Songs in a Minor Key
Benzos’ debut release, Morning Stanzas , is an album that defies easy categorization. This is partly by design, but it’s also recognizable as the process through which a young band begins navigating the tributaries of its own identity. The former represents conscious choice, a decision to traverse genres and meld together—amongst other things—aspects of rock and electronic music (similar, for example, to the approach with which Doves announced themselves on 2000’s Lost Souls); the latter embodies music as creative journey, the natural process of a band seeking out its creative destination (of which there’s no such thing).
Benzos are (yes, another) NYC-based band, and if the brash energy of the “New York scene” has been pervasive for a couple of years now (are those signs of waning we hear?), then there’s a sly contrary wit about Benzos, a band whose music is both deliberate and contemplative, one possessing a distinct cerebral edge in approach. When I suggest the album defies easy categorization, what I mean specifically is that it defies easy objective categorization. While it’s true that the essential recipe might be reduced to two parts Radiohead, one part Jeff Buckley, with light seasoning of further elements (house music, prog-rock), all brought gently to a simmer, what’s more interesting is the nature of these influences, and the choices that lie behind them.

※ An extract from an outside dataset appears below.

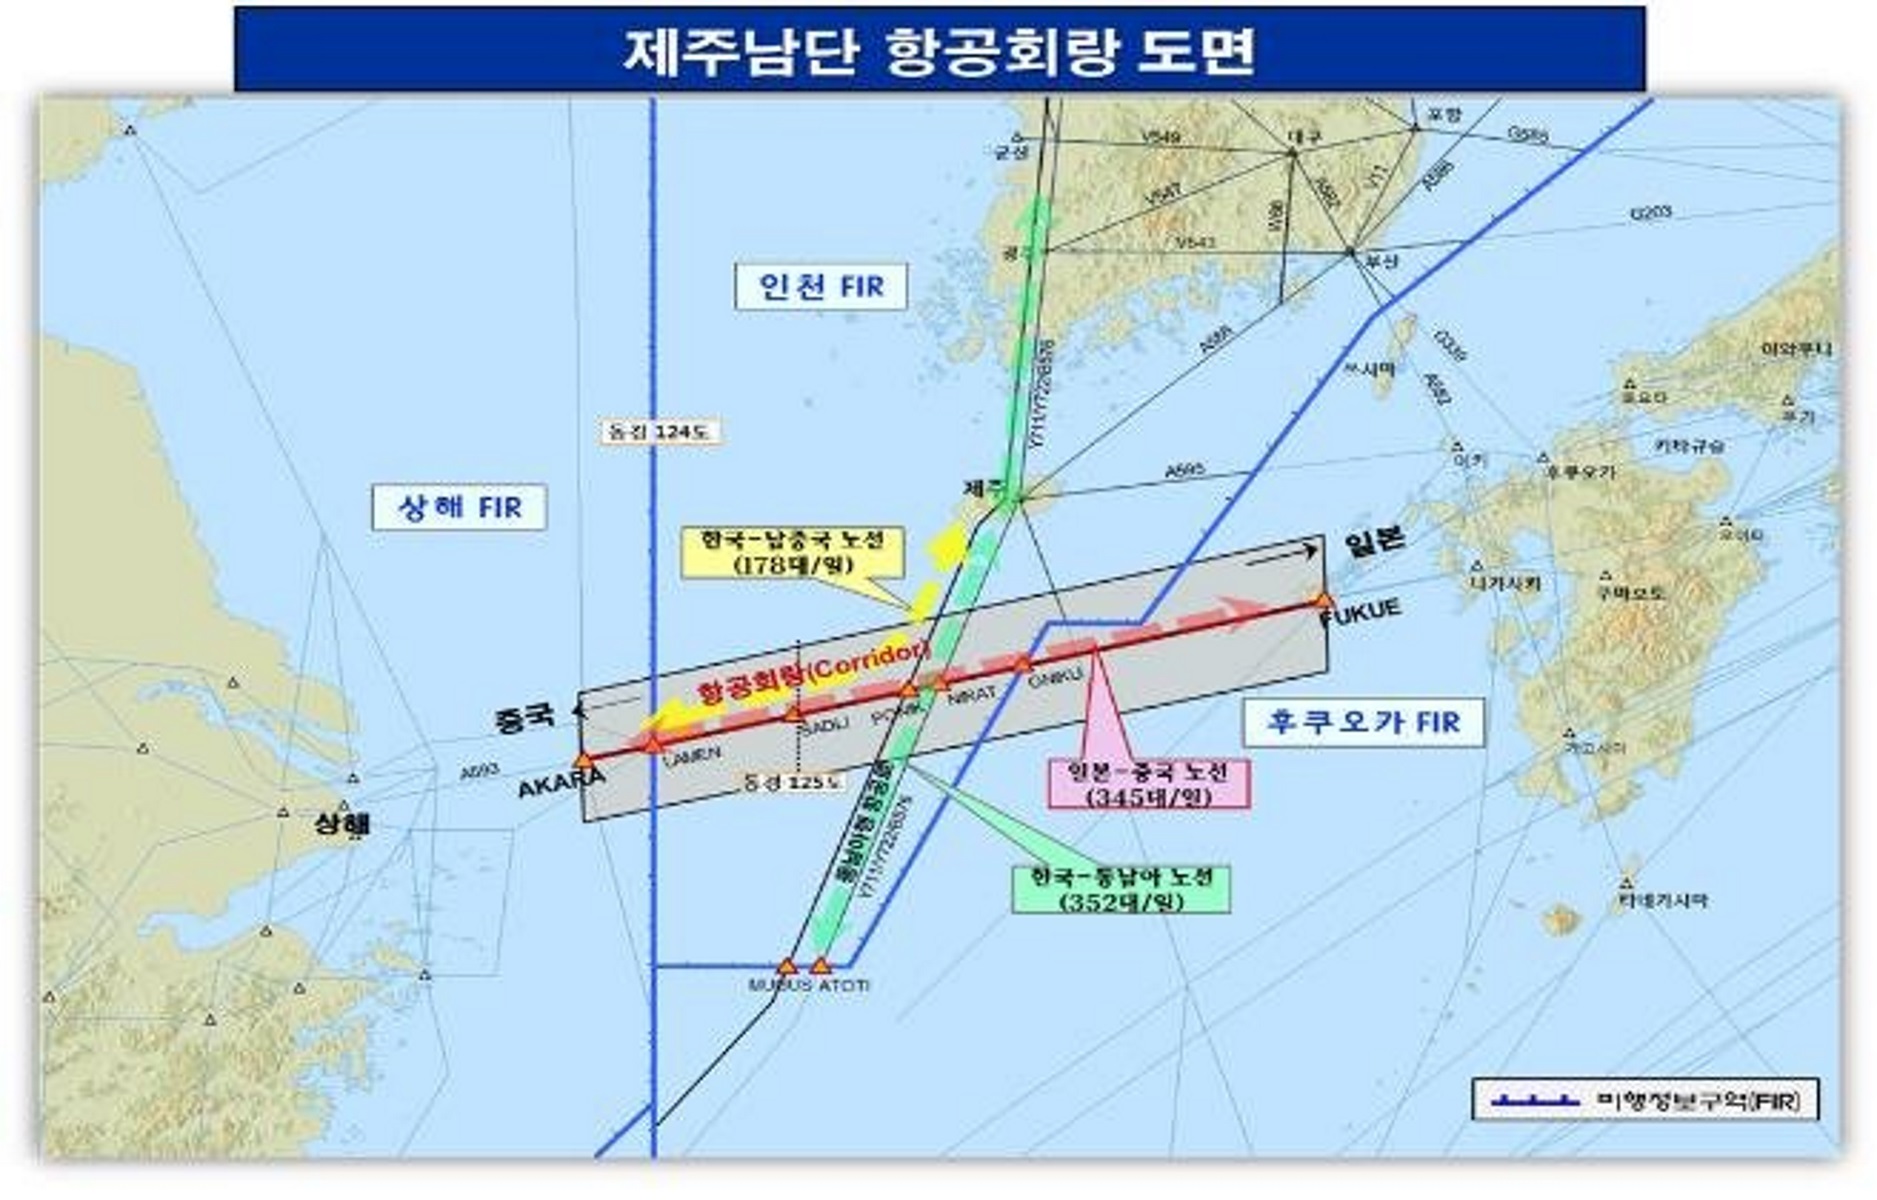 Συνεργασία Νότιας Κορέας, Ιαπωνίας, Κίνας για την εναέρια κυκλοφορία στον αεροδιάδρομο “ΑΚΑRA”

Over the course of the past decade, there has perhaps been no band more “credible” than Radiohead. It’s surprising then that their influence has not been more widely felt. Certainly there was a time, after the almost immediate canonization of OK Computer and before the more insular, polarizing experiments of Kid A and Amnesiac, when it seemed that we’d be flooded with cheap knock-offs and imitations. Travis were almost immediately labeled as “Radiohead-lite”, and Coldplay arrived to a chorus of similar dispersion. Strange how one rarely hears those comparisons any more. And yet once Radiohead divorced themselves from the prospect of U2-like status, once they chose the road less traveled and embarked on their own, less-accessible sonic journey, the would-be imitators peeled away and set-off in search of easier targets.
There are Radiohead references to be heard throughout Morning Stanzas, and it’s true that sometimes they’re a little over-ripe. The intros to “Glass Souls” and “The Blue Around You” echo Bends-era song styling, while “It’s Amiable” takes on the shimmering fret-work of “Airbag” from OK Computer. Like Radiohead, Benzos’ music inhabits broad, wide-open spaces, and they prefer to relay messages through a carefully cultivated atmosphere rather than by direct address. The vocals, frequently elegant and lovely, are deliberately indistinct, so that I couldn’t really tell you what many of the lyrics are, nor what most of the songs are about.

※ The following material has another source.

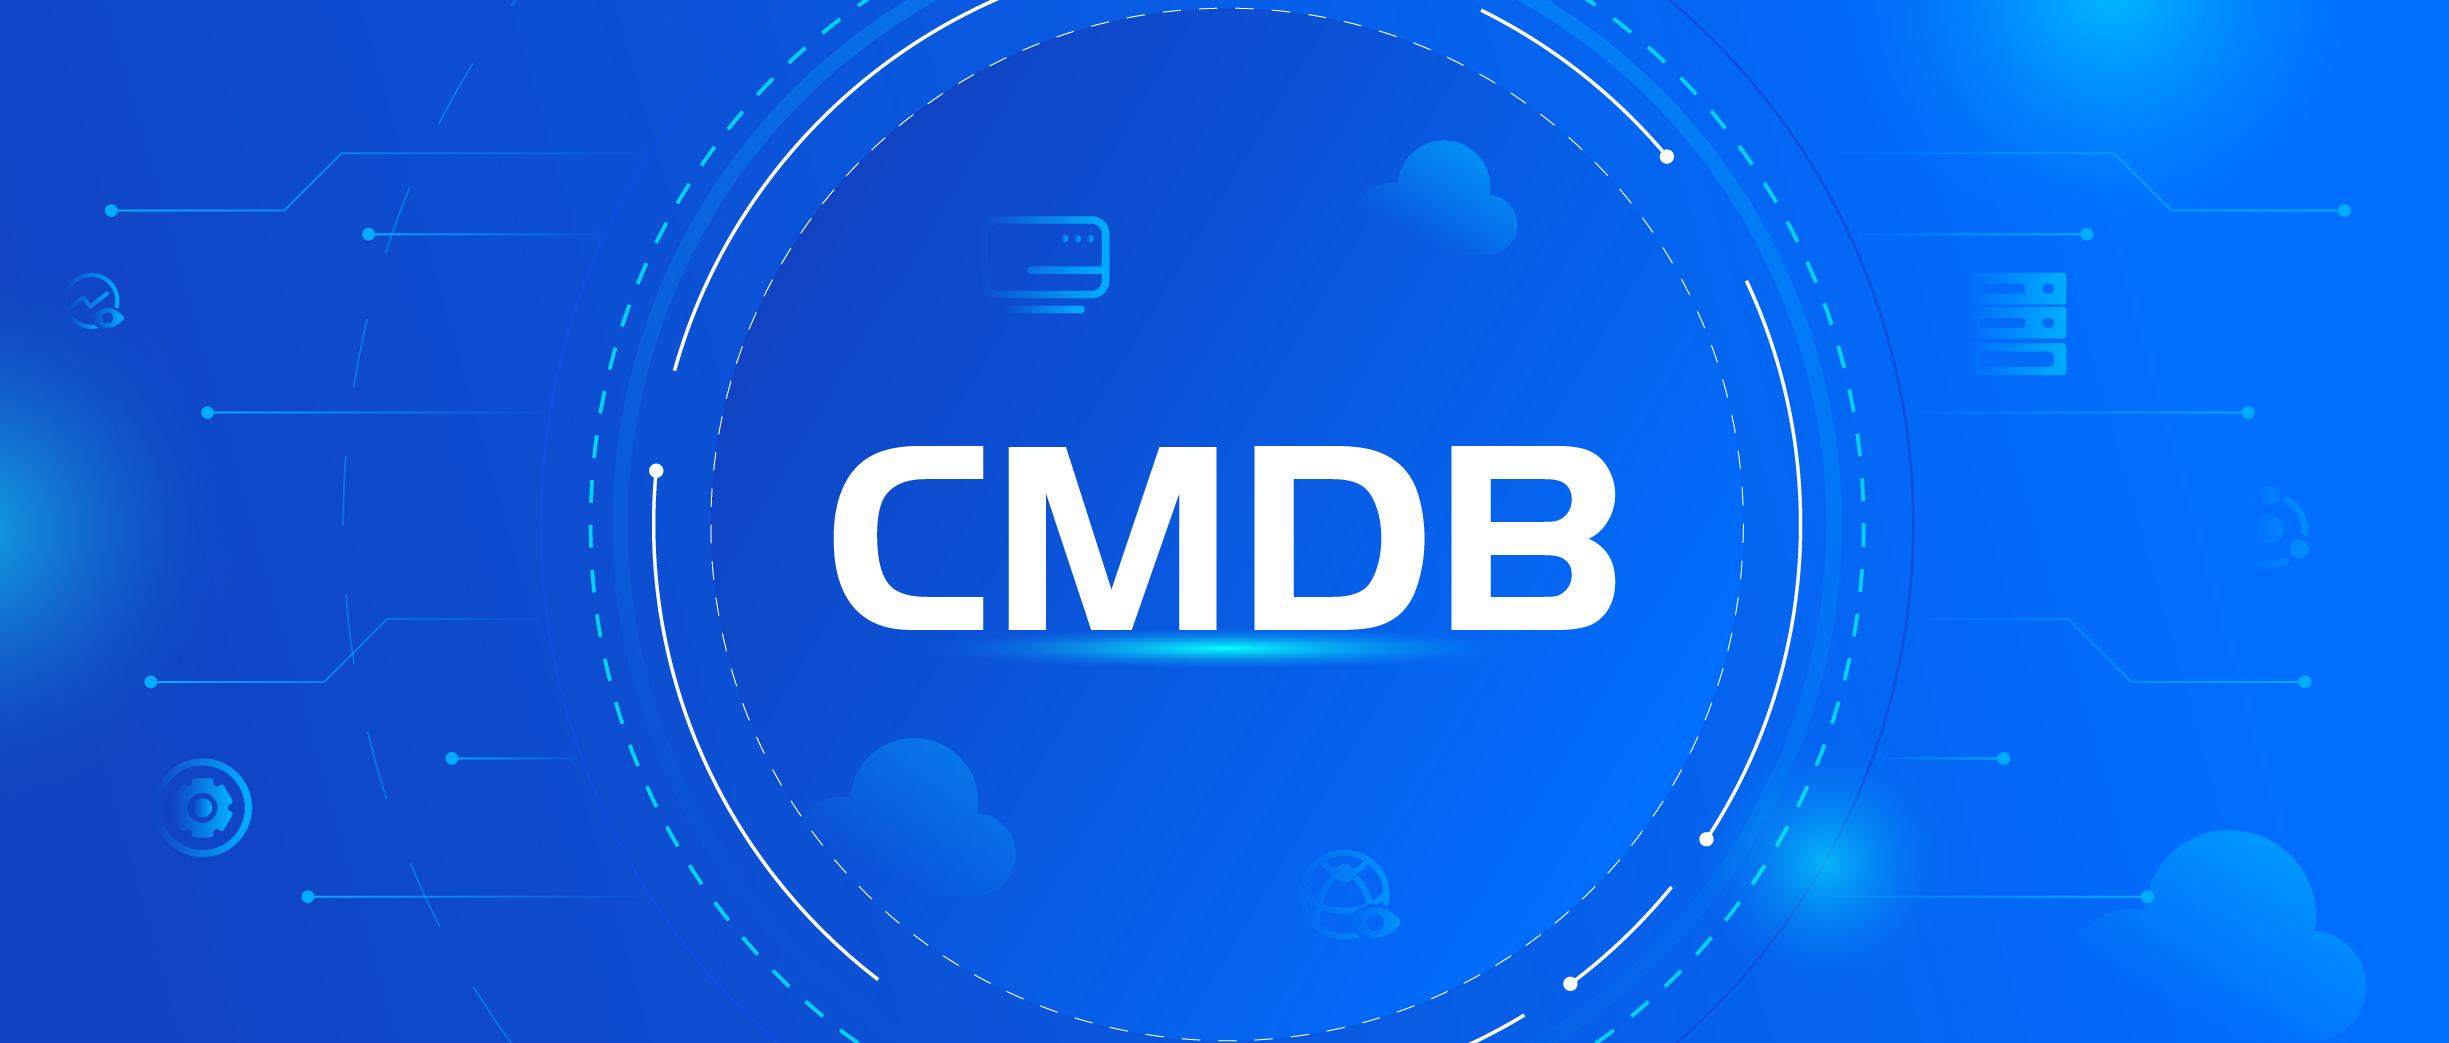 【经验分享】如何释放企业CMDB价值？——CMDB建设路径浅谈

Occasionally Radiohead have been accused of a certain Pink Floyd-ism—a serious charge I believe—one relating to gross tedium and self-indulgence. I was reminded of such accusations when listening to Morning Stanzas, because in their weaker moments there’s definitely a shade of prog-rock about Benzos. At times the melodies feel readily familiar, and a wish-washy ‘70s rock aura permeates their sound, as if they’ve lost their way in the stoned-out bliss of their own music.
The Jeff Buckley comparisons are more easily stated, with vocals here that reflect Buckley’s gorgeous, whimsical, and strangely gothic sensibilities. Of course, it’s a dangerous game, attempting to fill such shoes, and I doubt Benzos would claim it as their intent. Still, given such similar vocal mannerisms and gestures, they must surely see that comparisons are inevitable. While there’s a lovely delicacy and sweetness here, having seen Benzos live, I’m not yet convinced they can balance that sweetness with the power Buckley drew on, nor anything like it—unless the show I saw was an aberration?
Strangely perhaps, at least in view of their publicity and reputation, the dance/electronic music influence is relatively muted on this album. More than any distinct or noticeable dance vibe, Benzos have recognized the broader range of possibilities outside of the more traditional rock means, and taken it as their leaping-off point. The same might certainly be said of Doves, whom no-one would ever mistake for a dance act. Benzos, meanwhile, are attempting to journey along a noble road, and as with most journeys without a map, there are occasional wrong turns, as well as happy, accidental detours. These are songs in a minor key, but they speak of grander ambition. Time will tell whether they possess the talent to match that ambition.